Question

common difference of an arithmetic sequence is 7 and 11nth term is 80.
a) which term of the sequence is 185?
b)can 2019 be a term of the sequence? Justify

Answer 1

Step-by-step explanation:

1. 26
2. No

Sorry guy i have no time to solve i did it with calculator

Answer 2

a) 26th term of the sequence is 185.

b) Yes, 2019 can be a term of sequence.

Step-by-step explanation:

We are given with a AP whose common difference (d) is 7 and 11th term(a11) is 80. By using given data we can write,

$d=7$ and $a11=80$.

we have to find the value of n where sequence is 185 and check 2019 can be a term of this sequence or not.

• Formula used,

$an=a+(n-1)*d$

where 'a' is the first term of sequence, 'd' is the common distance of AP and 'n' is the term number.

• Calculation for 'a'

we are given the 11th term of AP and common distance, so by this given data we can find the value of first term of AP 'a',

$d=7$

$a11=80$

According to formula,

$a11=a+(11-1)*7$

$80=a+10*7$

$80=a+70$

$a=80-70$

$a=10$

We get the first term of AP which is 10.

• Calculation for part (a)

In this part we have the value of an but not know the value of n so we have to find the n.
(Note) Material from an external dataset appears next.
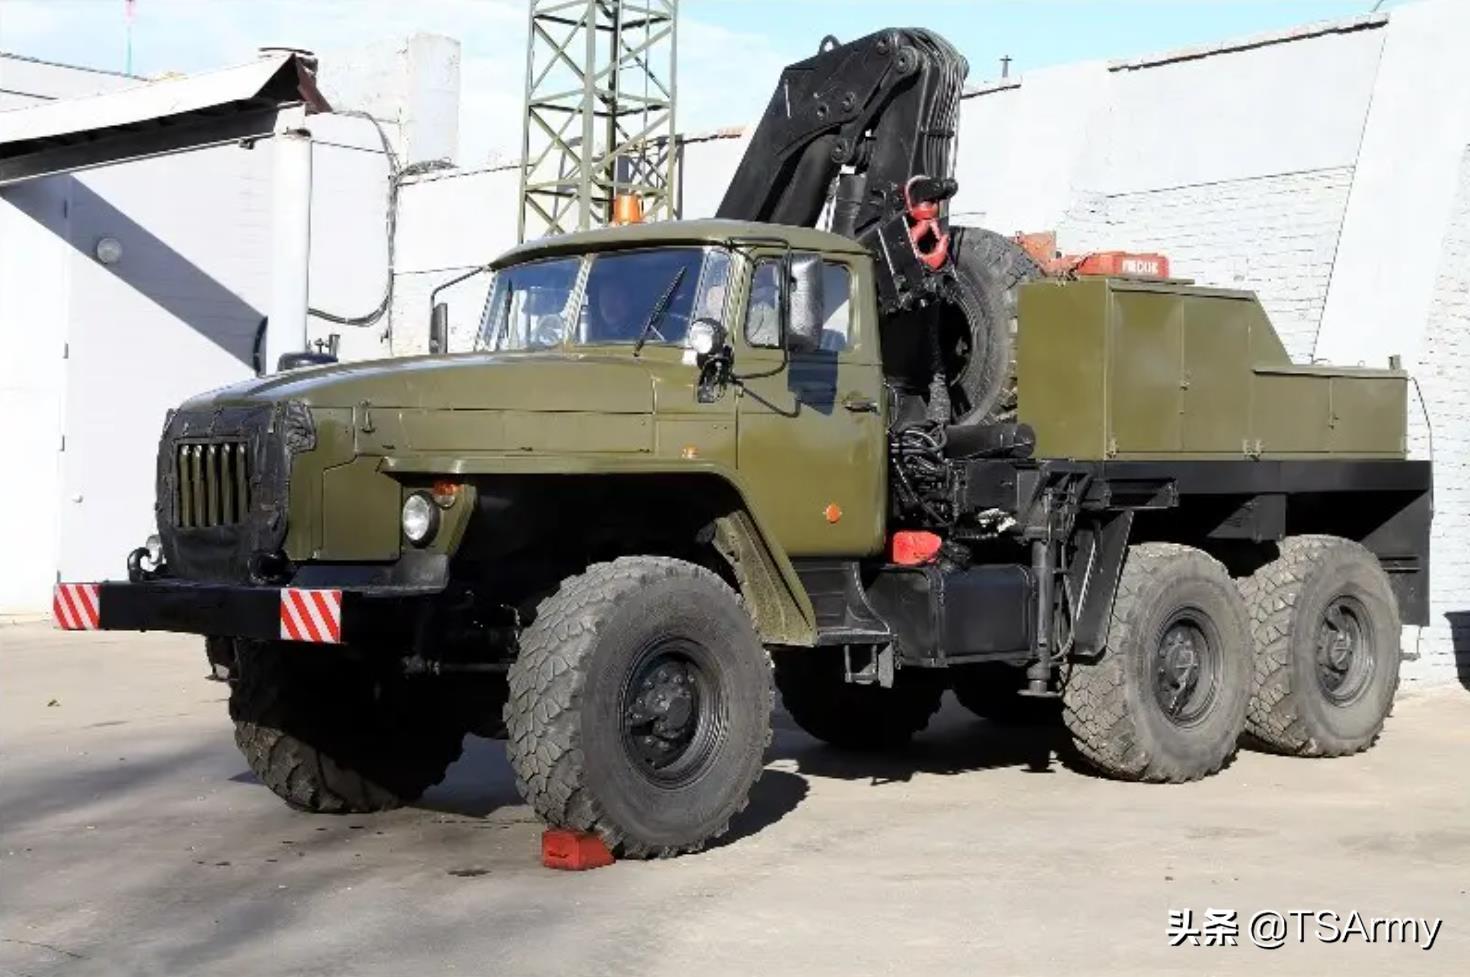 俄罗斯14大现役军用车辆总览,都带着粗犷的外形

By using formula we can write,

$an=a+(n-1)*d$

$an=185$  , $a=10$  and  $d=7$

$185=10+(n-1)*7$

Opening bracket by doing multiplication,

$185=10+7*n-7*1$

$185=10+7n-7$

$185=7n+3$

$7n=185-3$

$7n=182$

$n=\frac{182}{7}$

$n=26$

So the 185 is the 26th term of sequence.

• Calculation for part (b)

We have to check 2019 can be a term of given AP or not. So for this, we use same formula and find the value of 'n' same as we done in part (a).

Now the value of an is different which is 2019.

$an=2019$  , $a=10$  and  $d=7$

$an=a+(n-1)*d$

$2019=10+(n-1)*7$

$2019=10+7n-7$

$2019=7n+3$

$7n=2019-3$

$7n=2016$

$n=\frac{2016}{7}$

$n=288$

2019 is the 288th term of sequence so it means 2019 is the term of sequence.